Everolimus has also demonstrated some activity in osteosarcoma; in a pediatric phase I study, one of two enrolled osteosarcoma patients experienced prolonged stable disease for eight courses¹⁷. Everolimus has been shown to decrease drug-induced resistance to sorafenib via abrogation of the upregulation of mTORC1 and mTORC2 in murine models¹⁸; the combination of sorafenib and everolimus in an adult phase II study in patients with recurrent osteosarcoma with measurable disease yielded a 6-month PFS of 45%¹⁹. These results are in stark contrast to those observed in an historical cohort of osteosarcoma patients enrolled in phase II trials (Lagmay J et al., J Clin Oncol, in press).

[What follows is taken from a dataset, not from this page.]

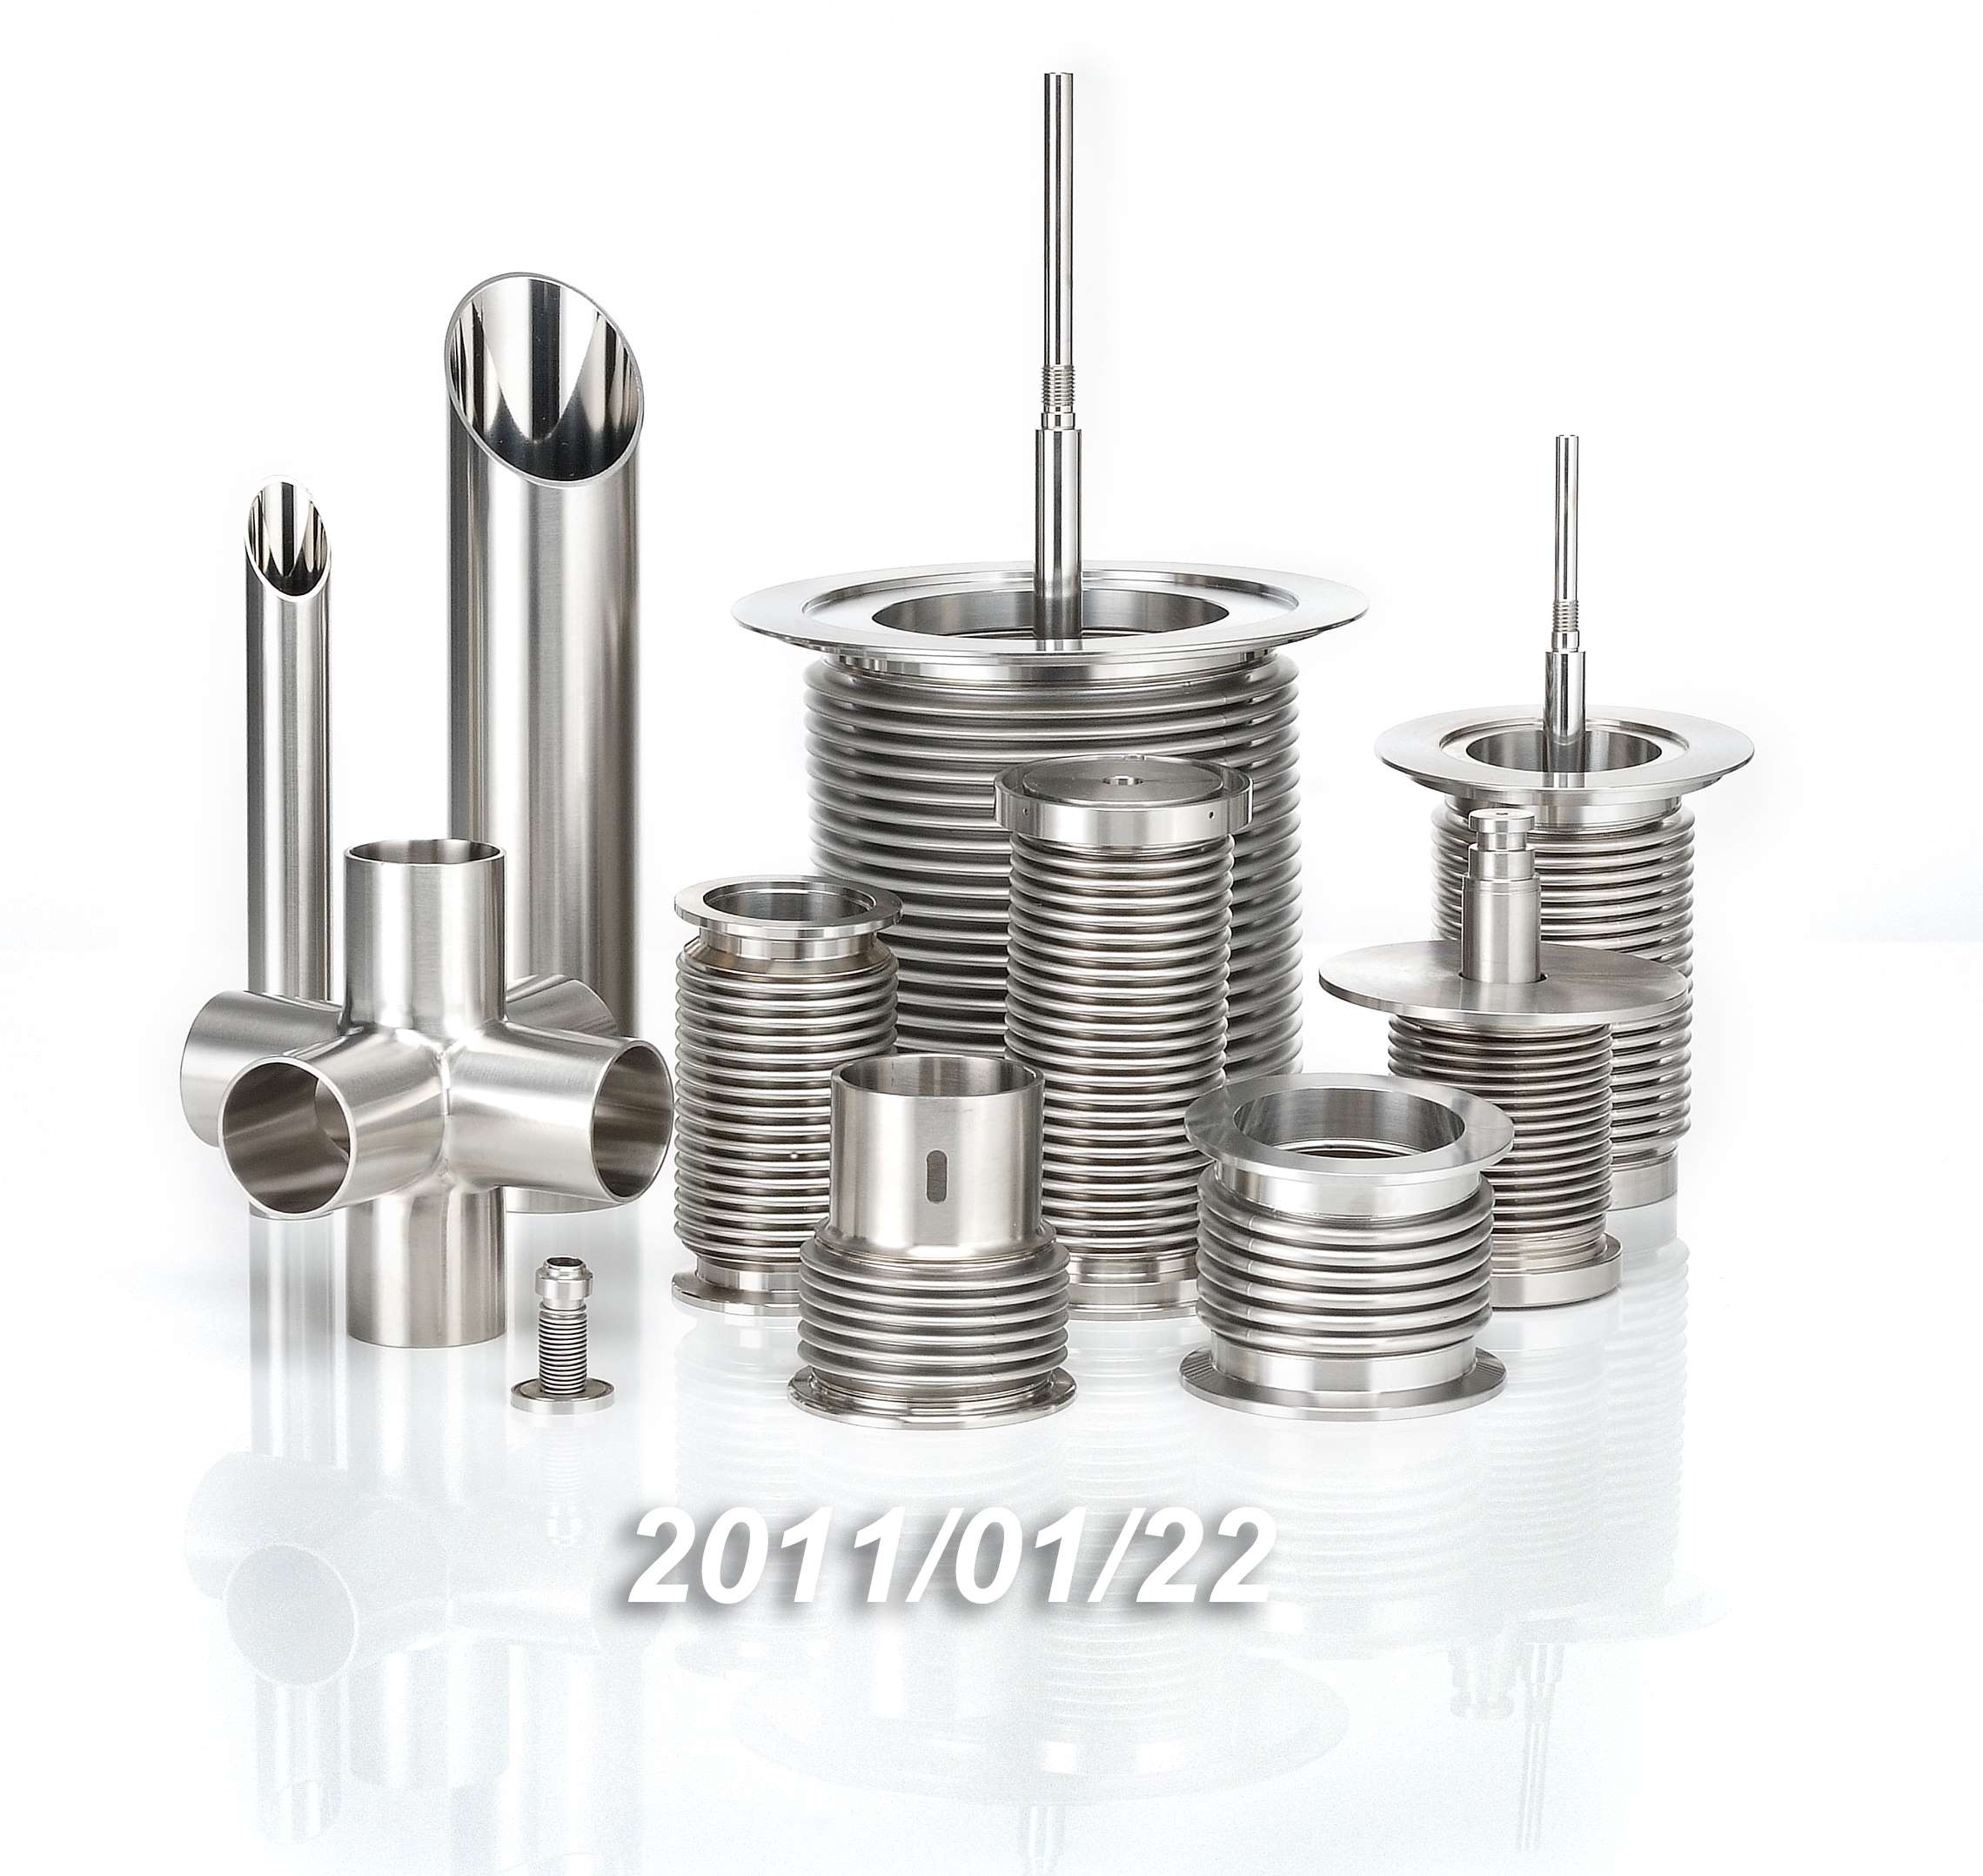 Qualified Connector Manufacturer and Supplier

A recently completed phase I study of everolimus in combination with pazopanib for the treatment of adults with advanced solid tumors demonstrated tolerability; prolonged stable disease or partial response was observed for several patients with PI3K/AKT/mTOR pathway alterations²⁰. Not all published studies have supported activity of mTOR inhibition in osteosarcoma; prior combinations of rapamycin with cyclophosphamide and temsirolimus with the insulin-like growth factor-1 receptor (IGF-1R) antibody cixutumumab failed to demonstrate efficacy in phase II studies including recurrent osteosarcoma patients^21–23. However, when viewed as a whole, the available clinical data suggest potential activity of inhibition of the PI3K/mTOR pathway in osteosarcoma, which warrants further investigation.

Conclusions

The above data present compelling evidence of the role for dysregulation of the PI3K/mTOR pathway in osteosarcoma and suggest an opportunity for focused therapeutic strategies. Prior studies of mTOR inhibitors in osteosarcoma have demonstrated a hint of activity for targeting this pathway but were not adequate to assess the activity of PI3K/mTOR inhibition in osteosarcoma due to study design, lack of molecular correlation, and/or the number of patients enrolled. Furthermore, evidence that combinations of PI3K and mTOR inhibition can overcome patterns of resistance observed in single agent exposures and combination therapy shows potential promise for clinical activity. Given the paucity of active agents available for the treatment of recurrent and refractory osteosarcoma, inhibition of PI3K and mTOR may present a viable treatment strategy deserving of clinical investigation. It remains unclear whether the presence of aberrations within the pathway truly function as biomarkers of susceptibility to targeted agents; therefore, as a component of any future prospective studies of PI3K/mTOR inhibition, genomic analysis and assessment of activity of the pathway should be included as correlative biology studies.